§ What you should do: The copy should hold exactly the lines below from the one that contains "home_flipping_profits_Q2_2017.jpg" through the one that contains "Quest Question Mark tote bag" and nothing else, so no pictures.
===== Provided data =====
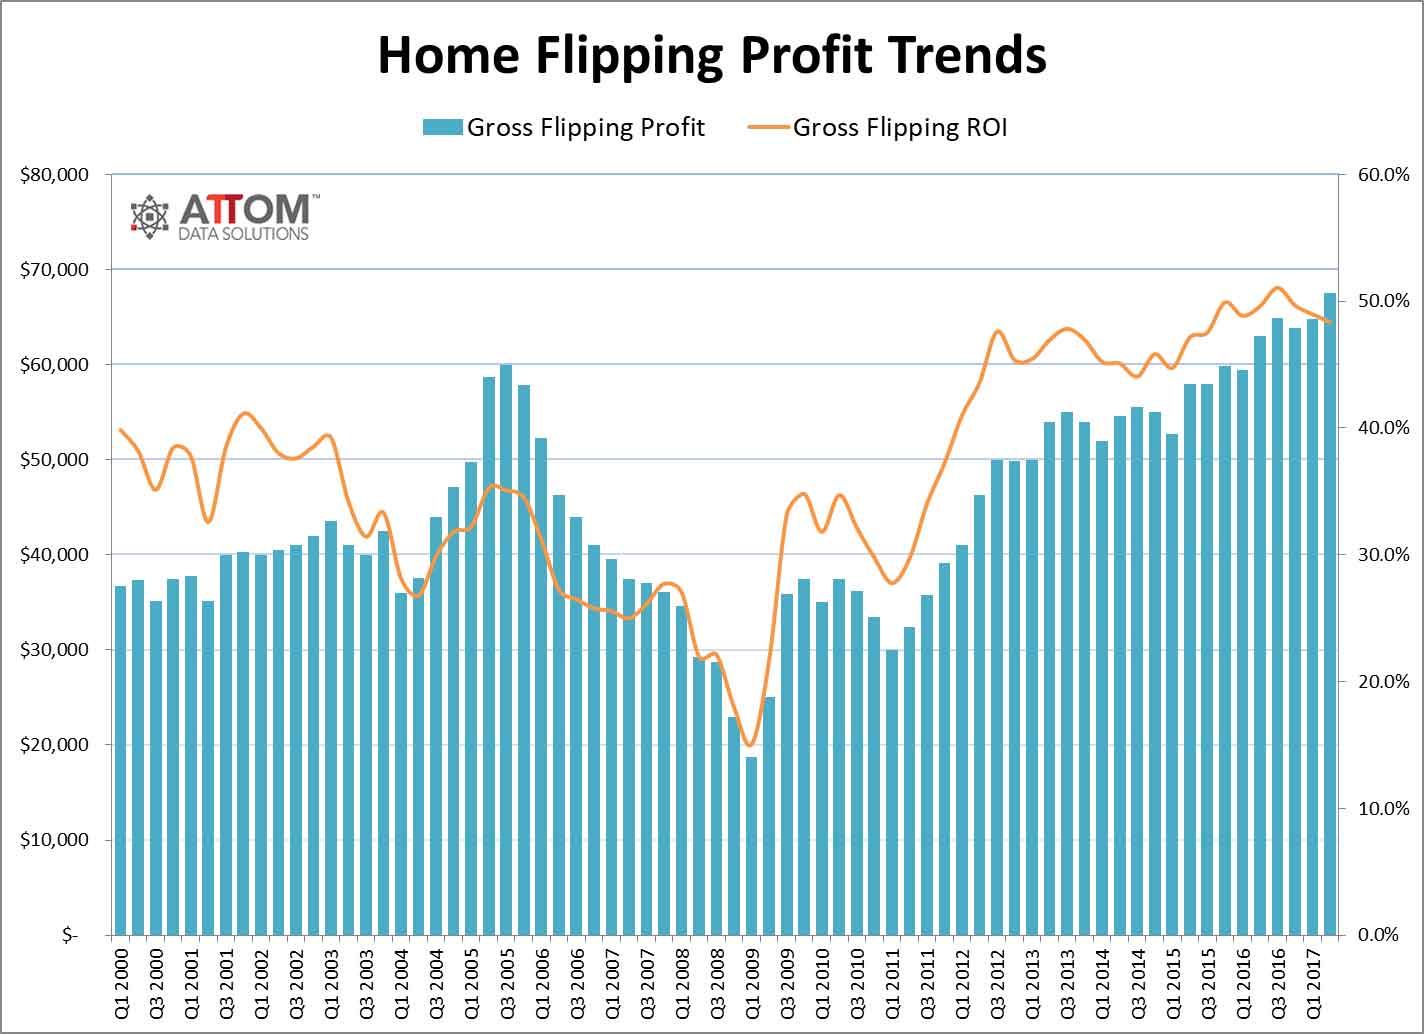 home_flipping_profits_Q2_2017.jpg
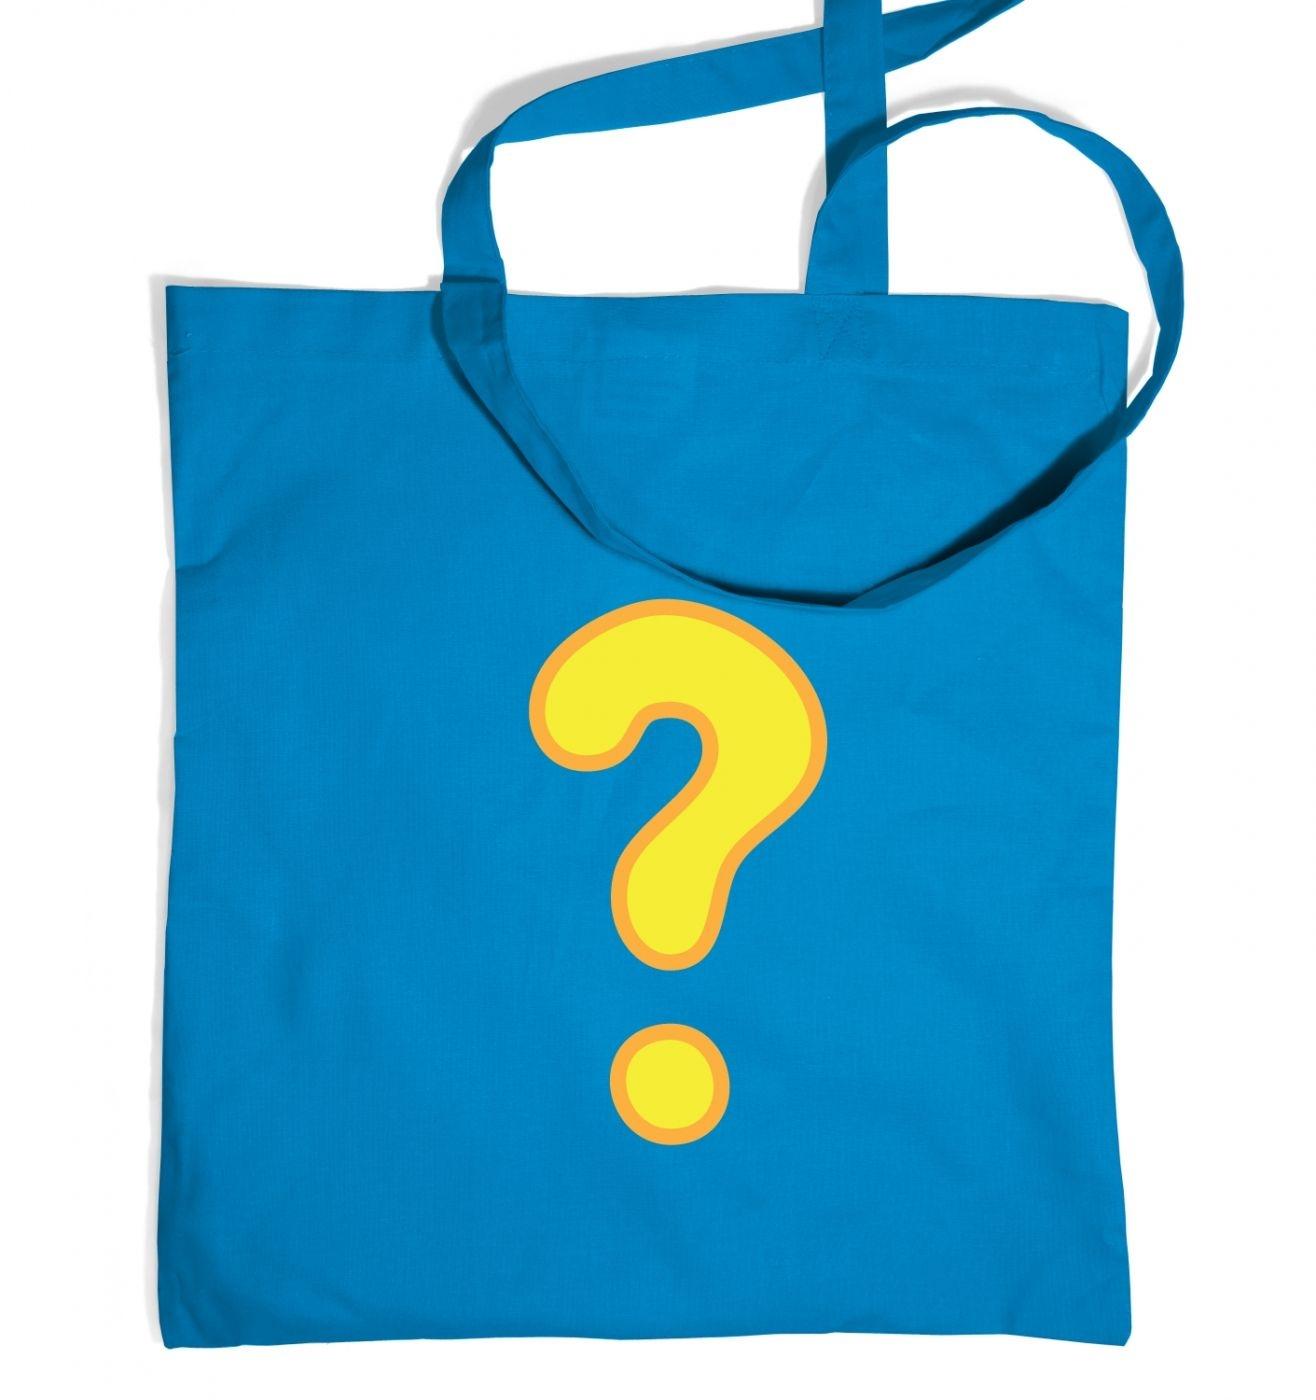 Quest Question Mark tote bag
=====
===== Provided data =====
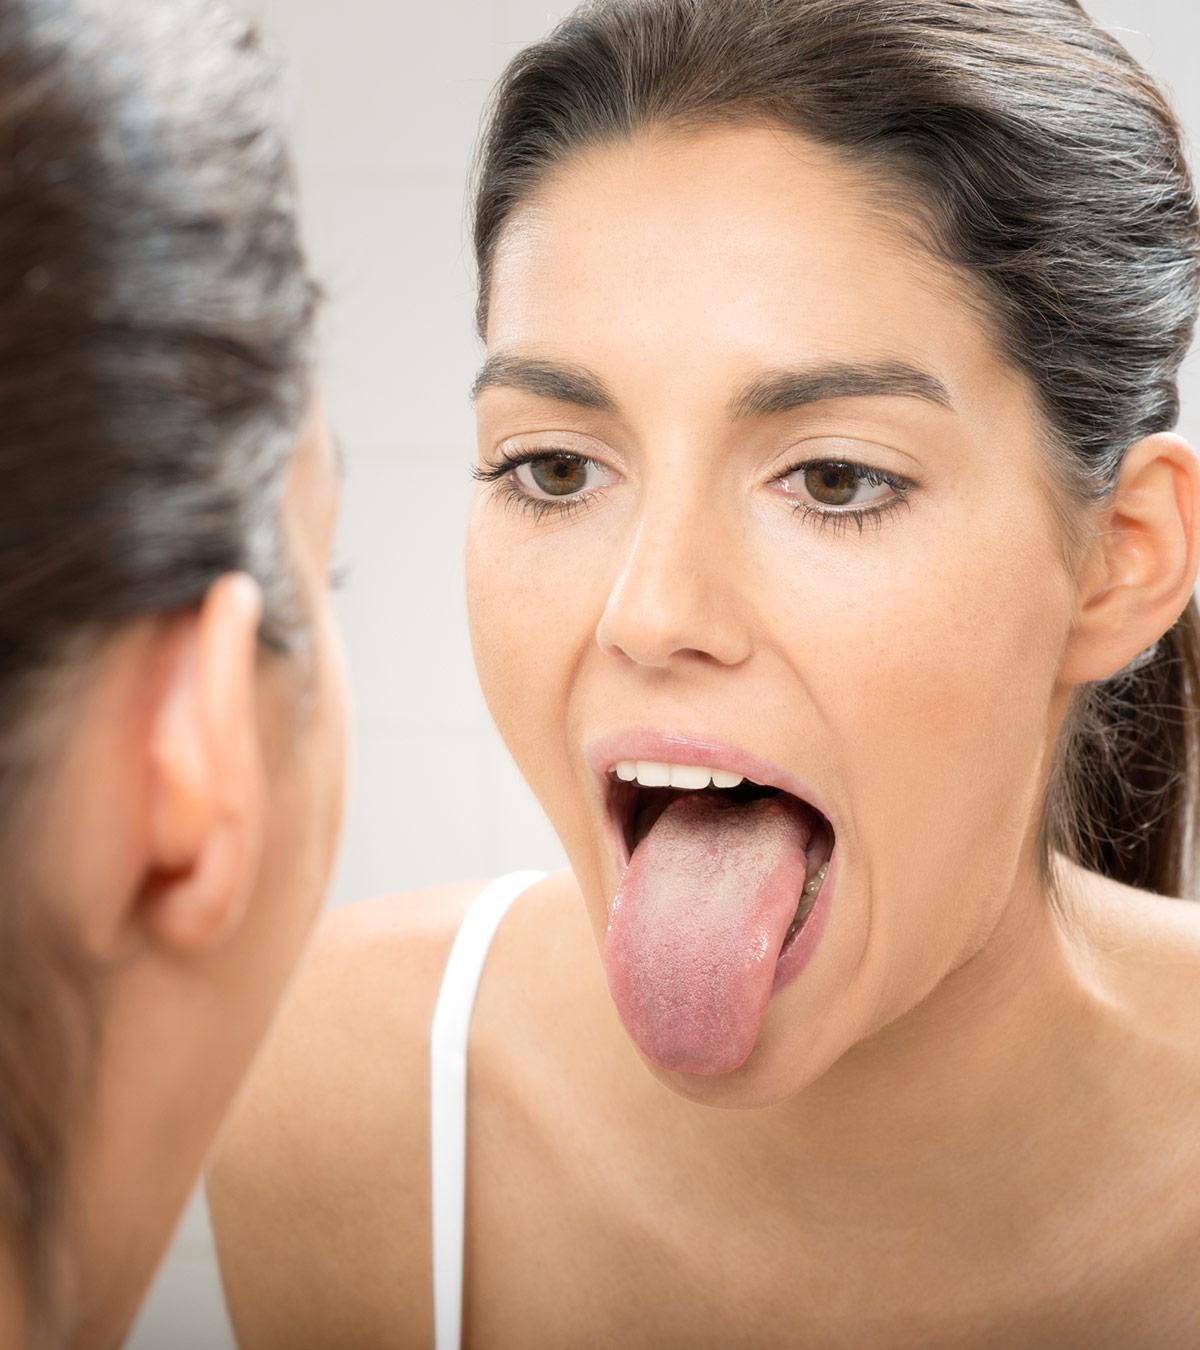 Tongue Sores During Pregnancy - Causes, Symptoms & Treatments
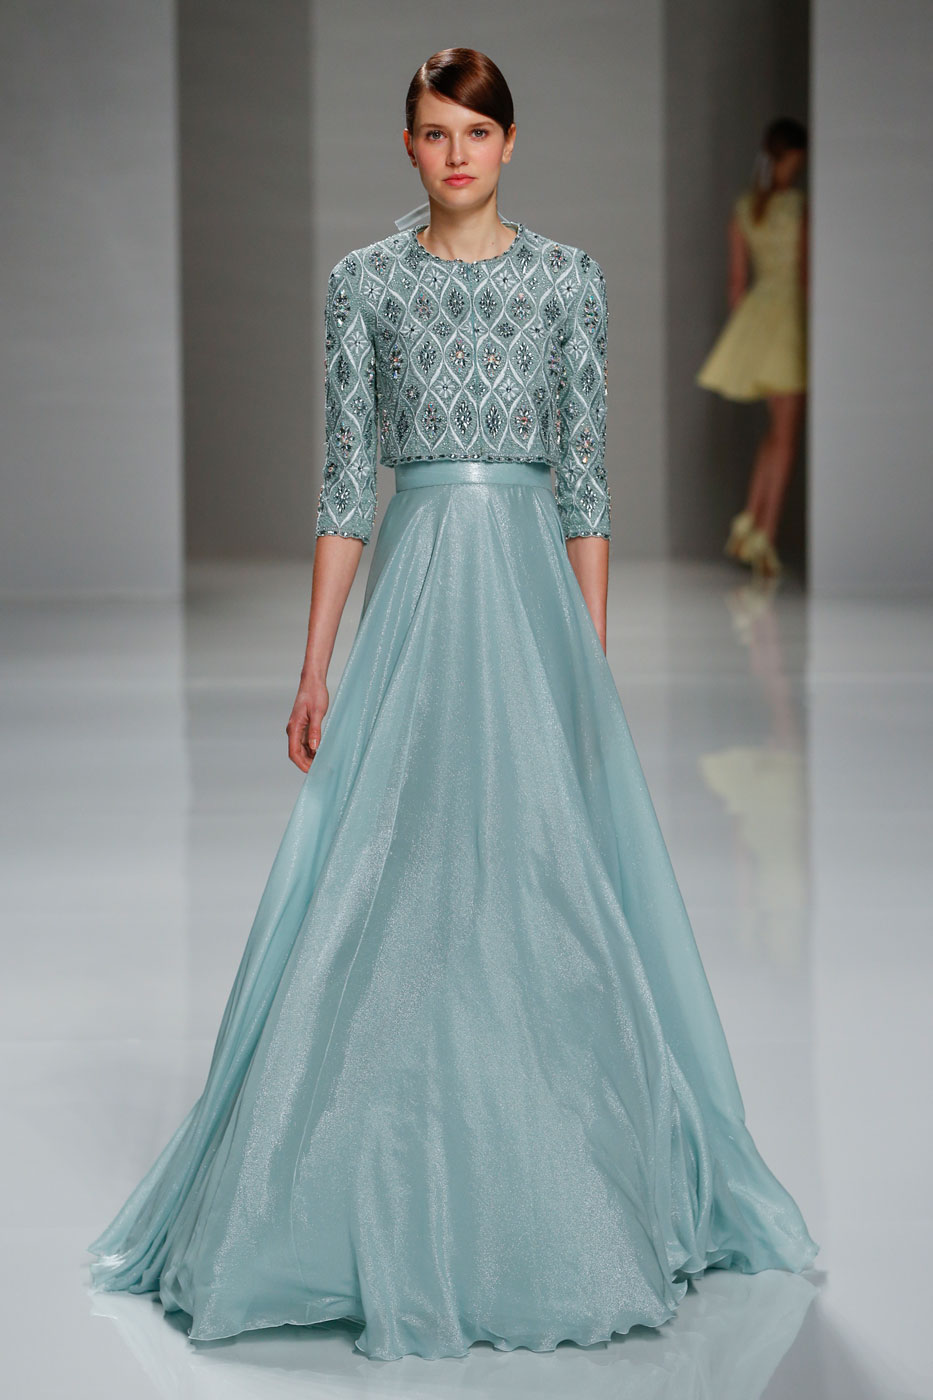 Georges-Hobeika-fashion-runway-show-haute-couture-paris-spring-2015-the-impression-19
=====
§ Exercise solution:
 home_flipping_profits_Q2_2017.jpg
 Quest Question Mark tote bag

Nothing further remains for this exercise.